Taste of Portland featured food trucks and vendors from around the city who gave free samples to wandering students on Thursday evening.
Bruce Raymond | The Free Press
Taste of Portland featured food trucks and vendors from around the city who gave free samples to wandering students on Thursday evening.

Posted on September 08, 2014 in Arts & Culture
By elledavis

This was Derrick Anderson's first time at Taste of Portland and said he thought the event was great exposure for his business, the Little Jamaica food cart.
Bruce Raymond | The Free Press
This was Derrick Anderson's first time at Taste of Portland and said he thought the event was great exposure for his business, the Little Jamaica food cart.
William Grubb, an employee at Glickman Library, has helped organize the event in hopes that free food would lure more students into the library.
Bruce Raymond | The Free Press
William Grubb, an employee at Glickman Library, has helped organize the event in hopes that free food would lure more students into the library.

Last Thursday the lawn outside of Glickman Library was filled with tables and food trucks of various culinary styles during USM’s second annual Taste of Portland event. The event was so popular and well received last year that it’s back for a second time, proving yet again that an event that features free food will most likely draw in a crowd.

Students and teachers gathered in between classes to sample menus ranging in fare from Italian to Jamaican. While the food selection was eclectic, other foods like pizza and cupcakes continued to hold their place in taste popularity.

While grabbing a bite for free was the general motivation to attend amongst the event-goers, the event coordinator and Head of Reference and Instructional Services at the library William Grubb had a different motivation for starting Taste of Portland. By strategically placing the event in front of the Glickman Family Library, he said that he hopes students will notice the library more and utilize all the educational features it has to offer.
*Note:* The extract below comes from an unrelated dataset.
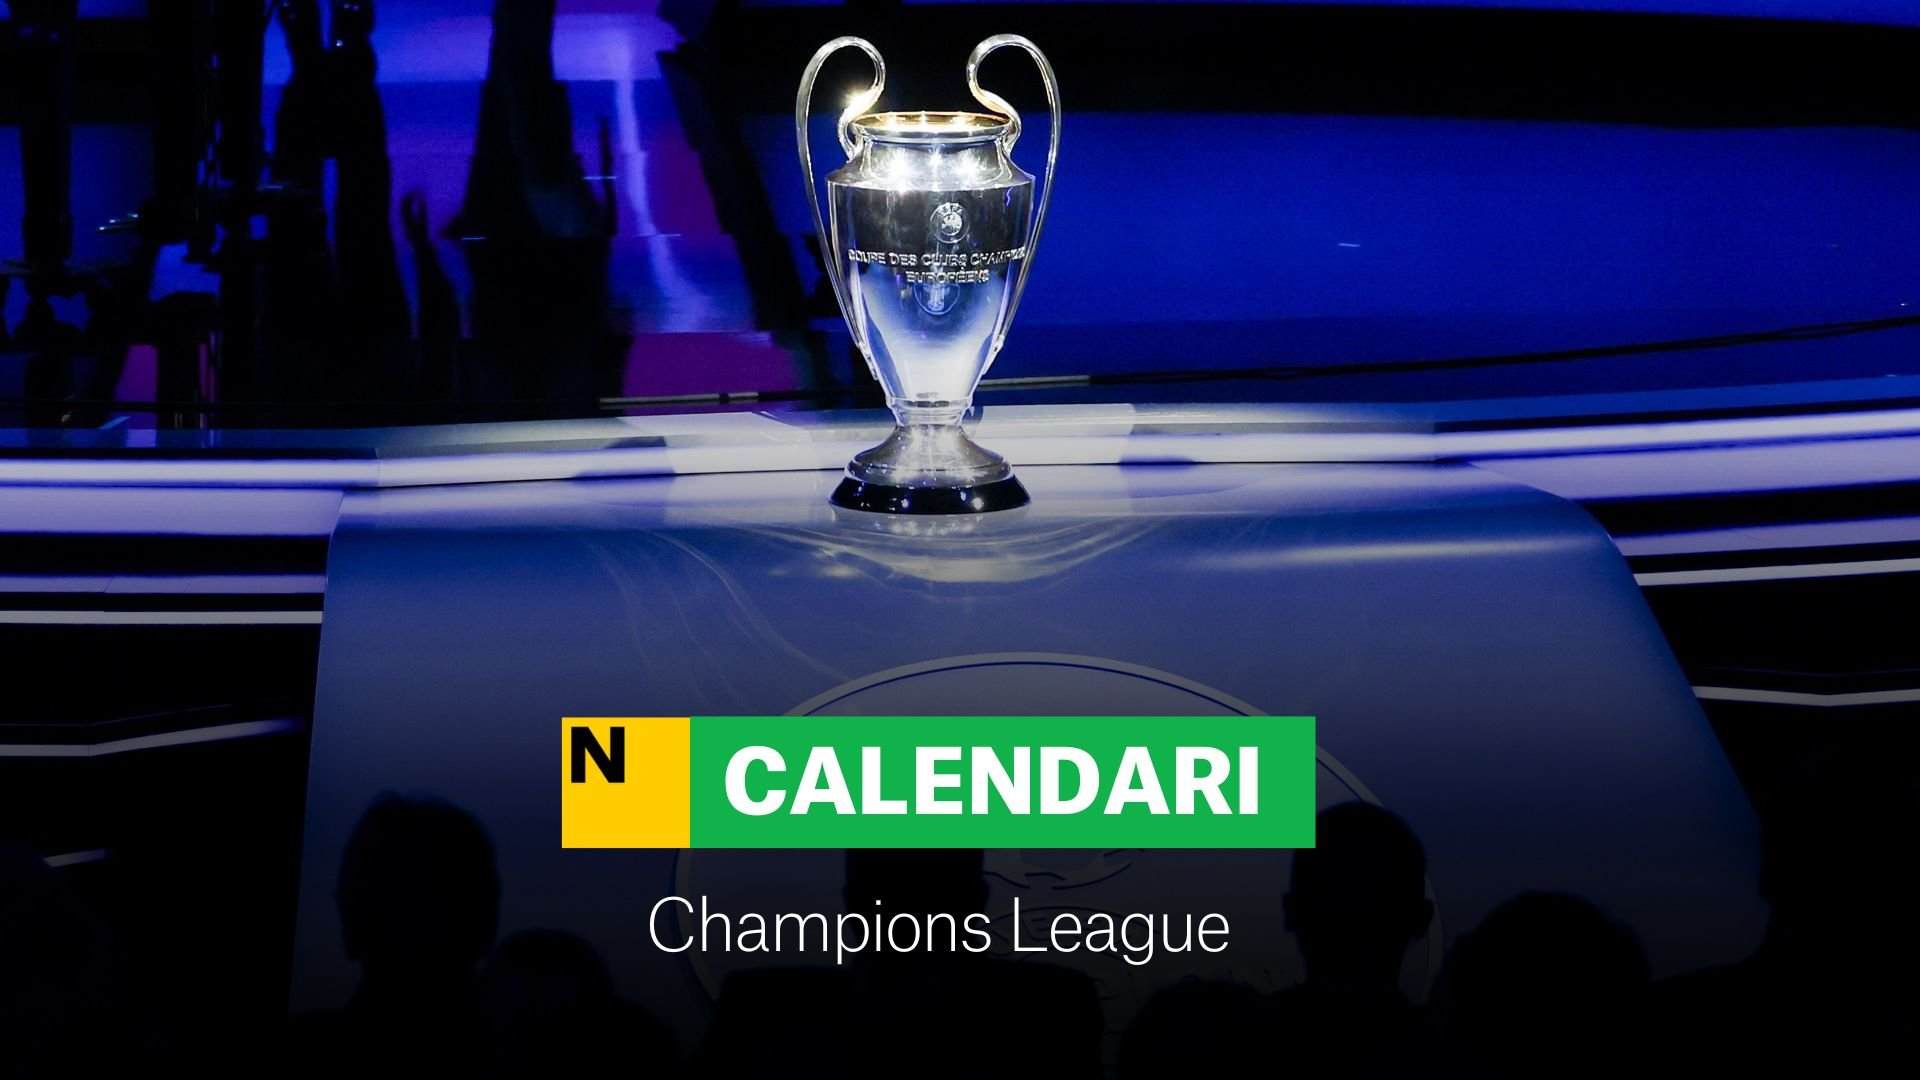 Champions League 2023/24: Grups, calendari i jornades

“Students think they can find articles and other study material with the click of a mouse on Google, but it’s the use of a library’s databases and books that are better tools for helping students learn,” said Grubb.

Grubb said that an event centered around local food relates to the Glickman Library’s origins as Huston’s Bakery, built in 1919. The building itself still has the concrete columns that once encased brick ovens.

Grubb mentioned that while Taste of Portland gives exposure to the library, it’s also important to celebrate and in some cases introduce Portland’s diverse culinary culture to the community. The welcome team that helped Grubb set up and run the event for the day agreed with him on this perspective. They believed it was an essential tradition to be started at USM for Welcome Week.

“This [event] is unique to USM and Portland as a city,” said Samantha Ireland, a graduate assistant at the Wellness Resource Center. “While there are other events in Portland that give people a look into what’s on the menu for local restaurants, Taste of Portland gives attention to the up-and-coming craze of food trucks and street vendors within the city.”
Lauren Ostis and Derrick Anderson, who run the Little Jamaica food cart, participated in Taste of Portland for the first time this year.

“We’re really trying to go to all types of events so we can meet people around the city and get exposure for our food,” said Ostis. She said that the jerk chicken and goat curry are two of the most popular sellers with USM students.

The opinion amongst event goers was that Leonardo’s Pizza was the tastiest. They participated in Taste of Portland last year, and have been affiliated with other university events.
“We enjoy getting involved with the community and having this relationship with USM,” said Phil George, creator and founder of Leonardo’s. “We like seeing local food vendors getting attention, and it’s just fun for us to be here.”

This event creates exposure to both the Glickman Library and the food trucks. Taste of Portland serves as an opportunity not just to eat free food, but to hang out amongst peers. Andrew Kiezulas, a junior chemistry major, feels as if events like these are important to USM because it gives people a reason to connect with others.

“I know a lot of people here. I can come to these events and network with strangers and also see my friends,” said Kiezulas. “Let’s put it this way: I come for the food and I stay for the conversation.”

Taste of Portland is only on its second year and, according to Grubb, the head count for attendance appeared to be the same as last year. There weren’t many complaints about the event, except for the observation of student Mia Bogyo that it might be “better during the day.”

Despite the later scheduled time of 4:30 p.m, the hope is that more students will catch onto Taste of Portland for next year and find themselves drawn to an area of the campus that they otherwise might not have explored. This will allow students to see what Glickman has to offer for their education, to bond with their peers, and to sample some of Portland’s delicious food.